Ma nello specifico gli obiettivi di questa operazione quali sono?

Bisogna intendersi su cosa voglia fare veramente Israele. L’operazione era nata per portare gli ostaggi a casa, ma ora questo tema è slittato non in secondo piano, ma addirittura al terzo o al quarto. Forse gli israeliani prenderanno qualche capo di Hamas. Quest’ultima, però, non scomparirà dalla scena. Anzi, ne uscirà rinvigorita, al limite con un altro nome e una nuova leadership.

Dopo Rafah Israele dovrà spiegare quale sarà il futuro di Gaza. Già oggi, invece, le relazioni con i Paesi confinanti si sono deteriorate. Per il Wall Street Journal l’Egitto vuole ridurre i rapporti diplomatici con Tel Aviv e aderire alla causa contro Israele del Sudafrica alla Corte internazionale di giustizia dell’Aja. I problemi, insomma, continueranno anche dopo l’ultima azione militare?

Quando Hamas ha dato il via all’attacco del 7 ottobre probabilmente voleva provocare una tale reazione da parte di Israele da pregiudicare i rapporti con i Paesi del Golfo, soprattutto l’Arabia Saudita, rapporti che in quel momento stavano andando a gonfie vele. Davanti a quello che è successo i governi che volevano la normalizzazione con Israele non possono non dare qualche segnale di disapprovazione. L’Egitto si muove in questa direzione: ha un’opinione pubblica a cui deve rispondere. Israele ha issato la sua bandiera sul valico di Rafah dando segnali della volontà di rimanere lì per un lungo periodo: il fatto che l’Egitto non possa più avere una zona cuscinetto che diminuiva le possibilità di frizione tra forze armate del Cairo e di Tel Aviv non è positivo.

Quindi Israele sta facendo tutto quello che Hamas ha previsto che succedesse. Sta facendo vincere Hamas?

Assolutamente sì. Ed è paradossale che dopo il massacro indiscriminato del 7 ottobre Israele sia passata dalla parte del torto. Probabile che Hamas lo avesse messo in conto, perché questo è il tipo di reazione che Israele ha in situazioni simili: si affida alla violenza. Ad essa segue un periodo di pseudo-stabilità, poi succede qualcosa di eclatante che riporta tutto indietro. La situazione al confine con l’Egitto potrebbe non essere più di pace e non so se Israele abbia presente quali responsabilità comporterà governare la Striscia. Sharon, uno dei falchi della destra israeliana, si era liberato di Gaza. Adesso che Netanyahu dovrà prenderla in carico, perché dubito che altri Paesi o la comunità internazionale vogliano farlo, la situazione è diventata ingestibile: parliamo di fame, malattie, infrastrutture inesistenti. Tutto questo ricadrà come responsabilità su Israele.

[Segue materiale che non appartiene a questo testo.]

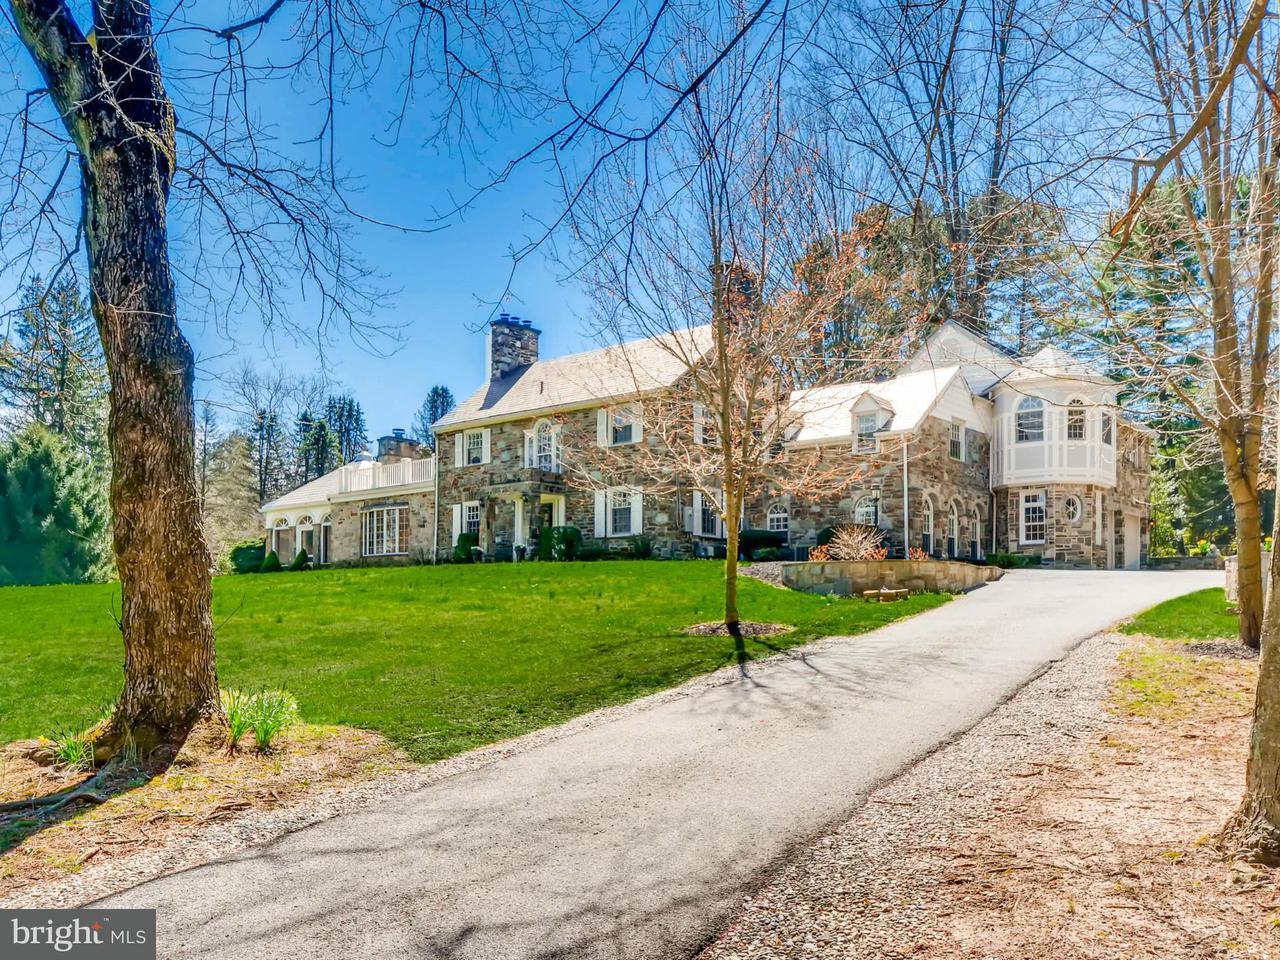 Μονοκατοικία για την Πώληση στο 501 SEMINARY Avenue 501 SEMINARY Avenue Towson, Μεριλαντ 21286 Ηνωμενεσ Πολιτειεσ

Israele deve fare i conti con la situazione interna: qui troviamo 900 famiglie che chiedono di non far combattere i loro figli a Rafah, ma anche ministri che parlano di insediamenti a Gaza, estremisti che portano la bandiera israeliana alla moschea di Al Aqsa e altri che bloccano gli aiuti umanitari per la Striscia. Il Paese è sempre più spaccato?

È un aspetto ulteriore della trappola in cui è caduta Israele. Il 7 ottobre aveva probabilmente come ulteriore obiettivo quello di estremizzare ancora di più la società israeliana. Per questo preoccupa quello che stanno facendo i coloni in Cisgiordania: il secondo fronte di cui dovrà occuparsi Israele sarà probabilmente proprio questo.